What a book! What a beautiful, beautiful book! Play Pen is a compilation of “new children’s book illustration.” The book showcases over 30 illustrators from around the world, categorized by “genre,” if you will: Picturebooks, board books; Alphabets, wordplay, and novelty; Older Children; and Non-fiction. Each illustrator has four or five pages with choice illustrations from children’s books they’ve done, along with a brief biography about their background and career. Below are excerpts from the well-crafted and keen introduction.

… The aim of this book has been to represent a broad range of stylistic and conceptual trends and a range of cultural characteristics from around the world, across what is increasingly a global market.
Some of these issues and questions are explored in depth in academic literature, where the verbal and visual texts of children’s books are examined with specific regard to their role in the educational development of the child. This book is more concerned with the art itself, and with the thoughts and motivations of the artists themselves.

There is much debate about what constitutes an ‘appropriate’ visual diet for children. It seems that different cultures still have widely divergent views and traditions here. A tour of the annual Bologna Children’s Book Fair, for instance, reveals that, at present, UK publishers are deeply conservative in their use of illustration as compared to, for example, their French, Italian, Norwegian, German and Scandinavian counterparts. When asked about this, most UK publishers will claim that, much as they love the ’sophisticated stuff’, they can’t sell it. It is never easy to know who is leading whom where, but it is hard to believe that some countries produce innately more sophisticated and visually discerning children. A more plausible explanation perhaps lies in a tendency towards the self-fulfilling prophecy approach to marketing.

The rich diversity of artwork from across the globe is increasingly threatened by the growing necessity for publishers to sell co-editions of their books to other countries, most importantly the USA. This has initiated a worrying tendency for artists to be given long lists of ‘dos and don’ts’ and being encouraged to avoid overtly ‘local’ visual references. This would seem to be a misguided idea, and as the influential writer on children’s literature, Joseph H. Schwarcz pointed out: ‘It is fortunately true, though, that as in all good art the universal significance found in the most excellent examples arises from a background with a strong local flavor.’
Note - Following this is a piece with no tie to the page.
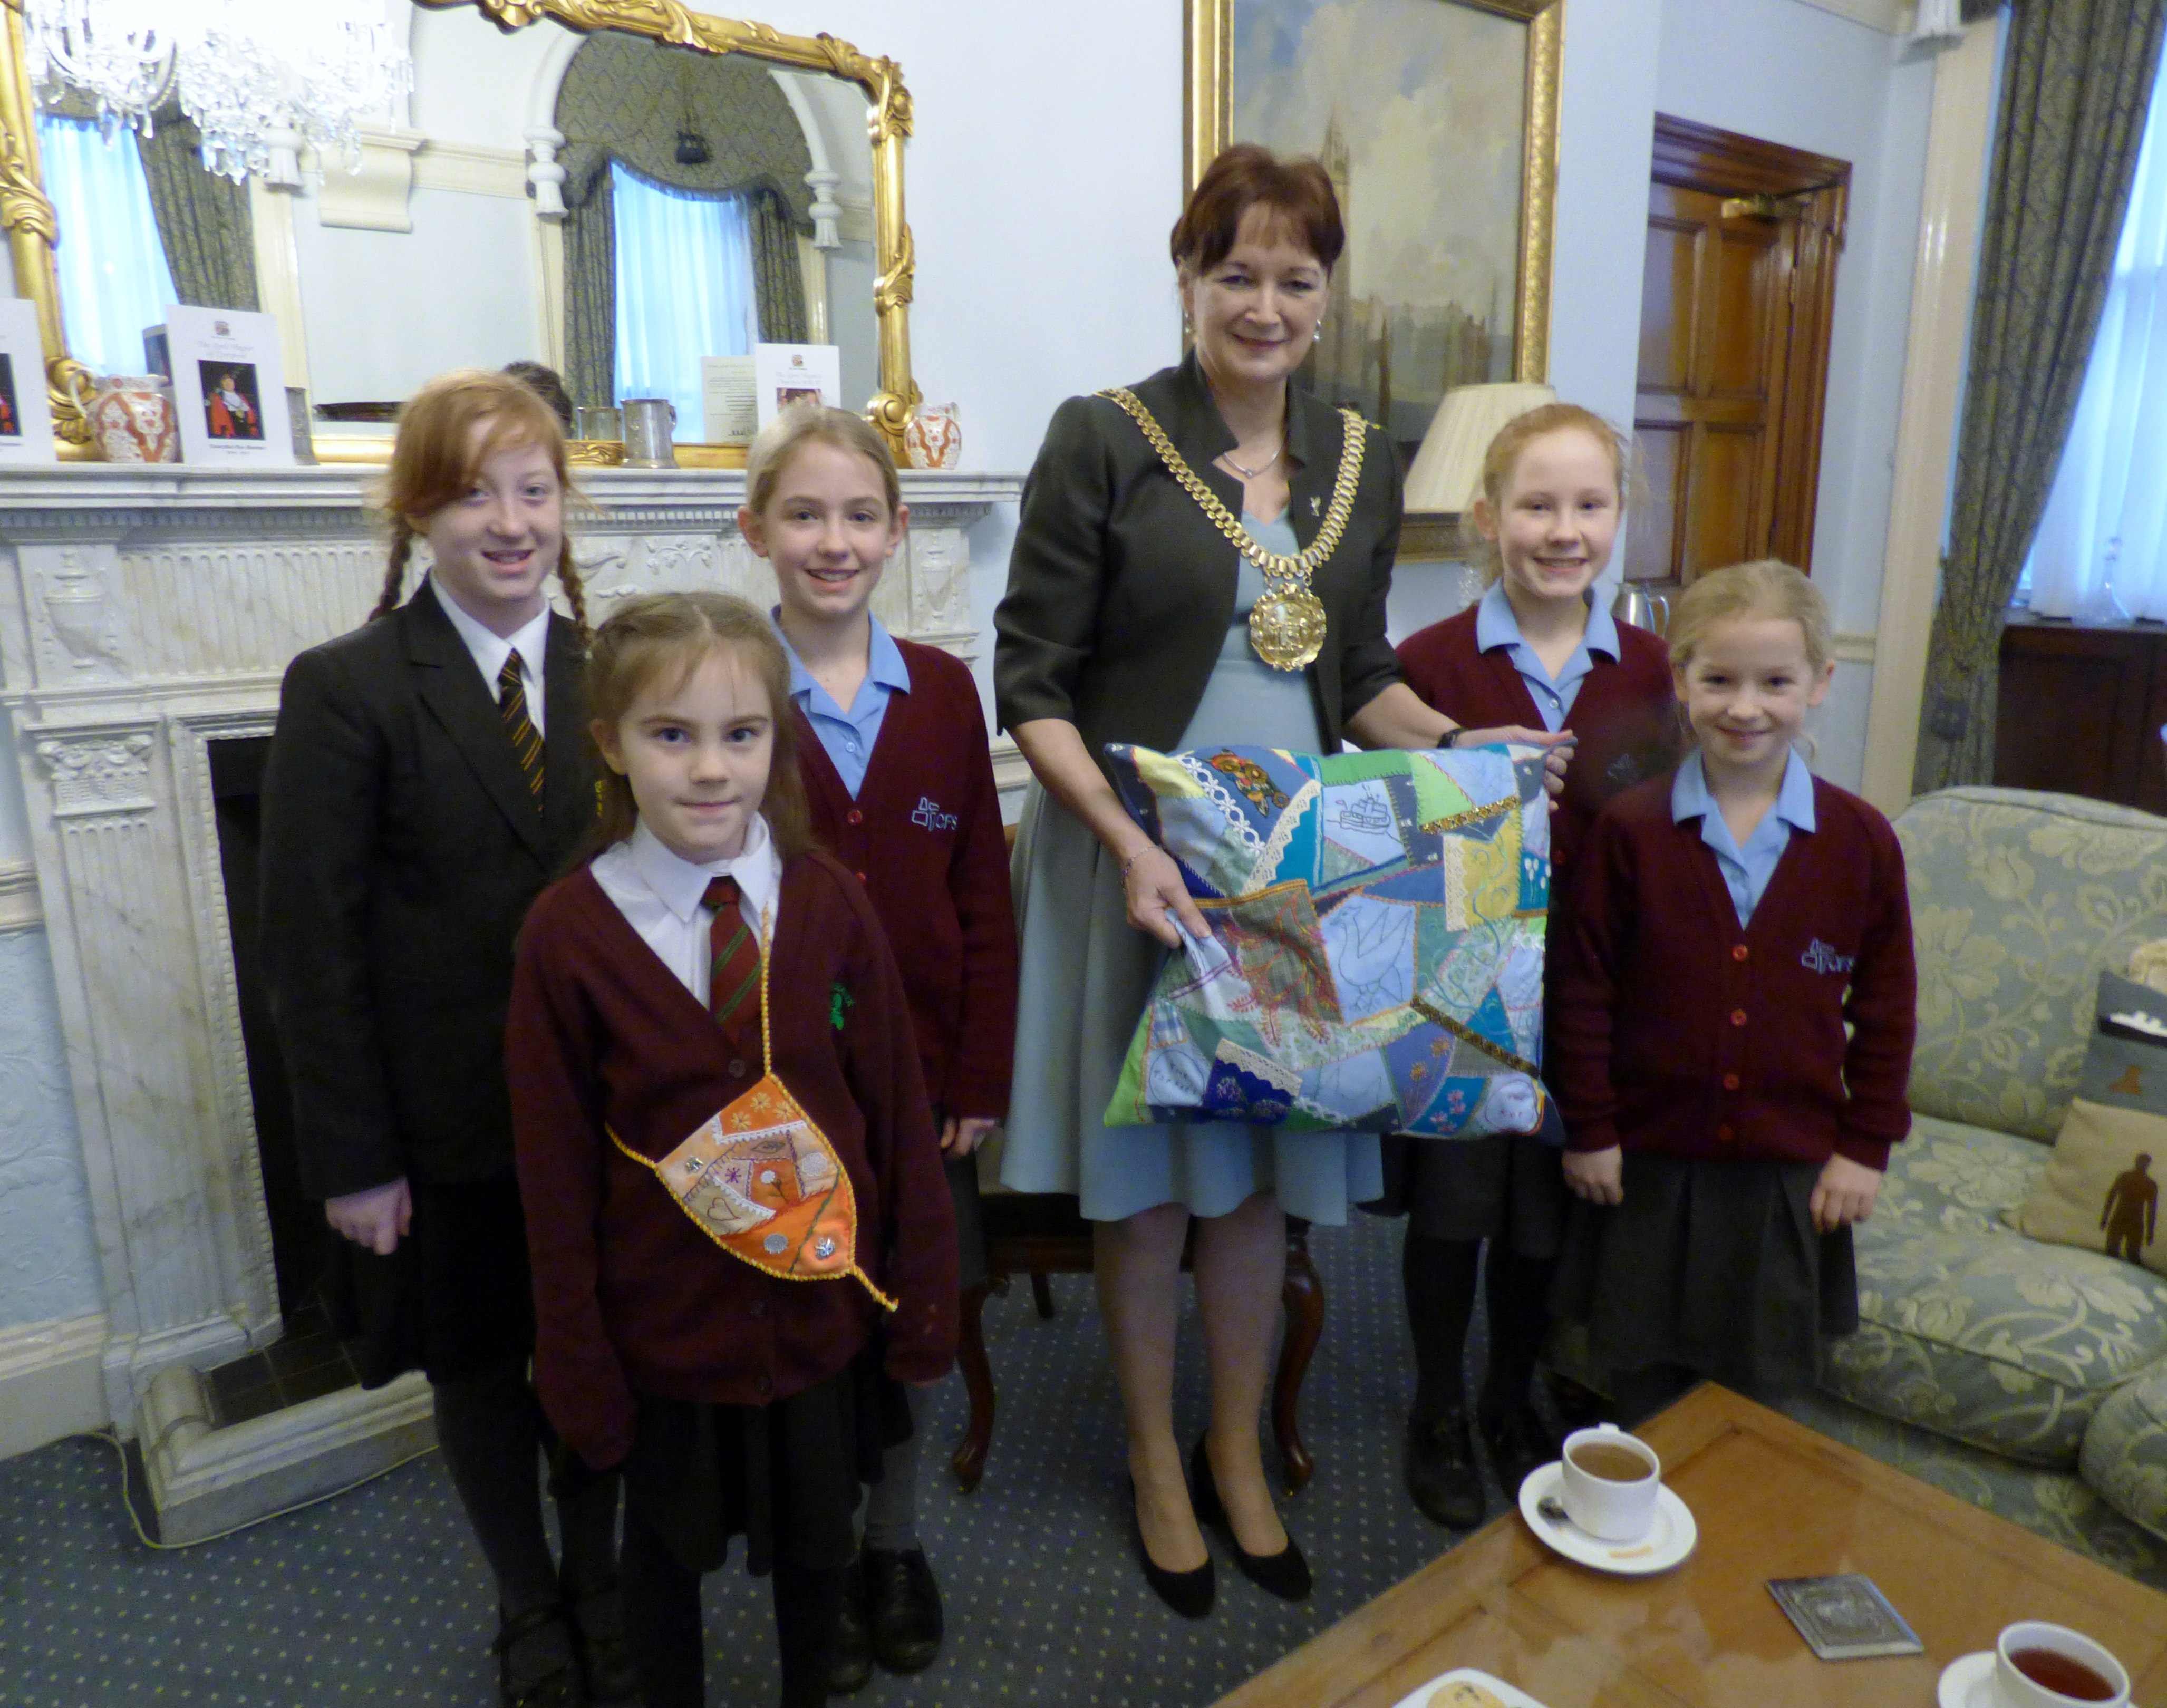 Merseyside YE at Liverpool Town Hall, Jan 2017. We presented a cushion to Liverpool Lord Mayor Cllr. Roz Gladden

Pictures in picturebooks will mean many things to children. Often the pictures themselves are the meaning now, rather than a mere subservient clue to the meaning of words. And besides, I would argue that pictures in picturebooks have a far more important role to play in the development of the child than a mere aid to reading.
The introduction makes a lot of good points, I feel. The only sad thing about Play Pen is that the illustrations inside are all so beautiful, and yet the books that contain them are not so readily available! Hopefully, as the world becomes a smaller place (take that how you will), we’ll all be able to realize the importance of celebrating our “local flavor” rather than subduing it in the name of some asinine concept that it would be inappropriate or too confusing. How else is the imagination sparked than by experiencing the new and exciting - the familiar unknown? I think I can safely speak for thousands of people when I say that I wouldn’t be learning Japanese and traveling abroad to study in Japan if it weren’t for randomly discovering Japanese animation and music, so different from what I knew at the time that I was instantly infatuated!